The Liquid Roofing and Waterproofing Association (LRWA) is a UK member organisation of manufacturers of liquid applied coatings for buildings.  The association's aim is to educate and inform specifiers, contractors, and the industry as to the properties, correct applications, installation methods, and aftercare of liquid waterproofing systems.

History
The association was formed in the 1970s and was originally known as the BRCMA (Bituminous Roof Coating Manufacturers Association). The primary purpose of the association was to promote good practice in all areas of the UK bituminous roof coatings industry.

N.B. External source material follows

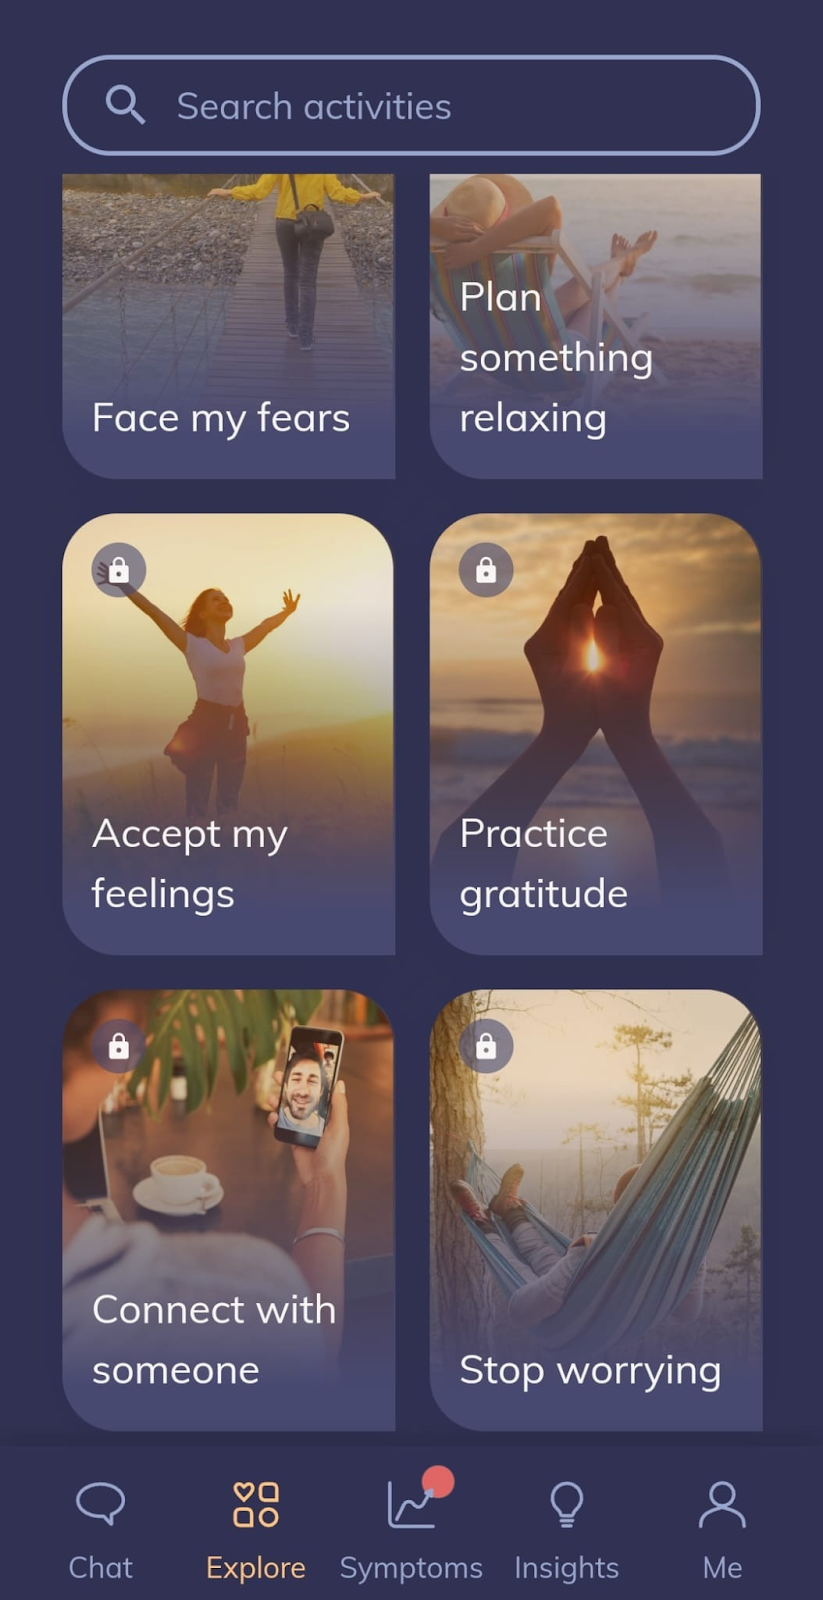 The 'explore' section which displays numerous activities, such as: accept my feelings, practice gratitude, and connect with someone.

The late 1980s and early 1990s saw the rise in popularity of non-bituminous products and in particular liquid roofing.

Recognising this trend, the association reinvented itself as ELRA (European Liquid Roofing Association), now focusing solely on liquid roofing systems. The 'European' tag reflected the associations involvement in the drafting of European standards for all areas of liquid roofing.

In 2005 a second reinvention took place as ELRA became ELWA (European Liquid Waterproofing Association) in recognition of the wider applications for liquid waterproofing products, for example the protection and waterproofing of car park decks.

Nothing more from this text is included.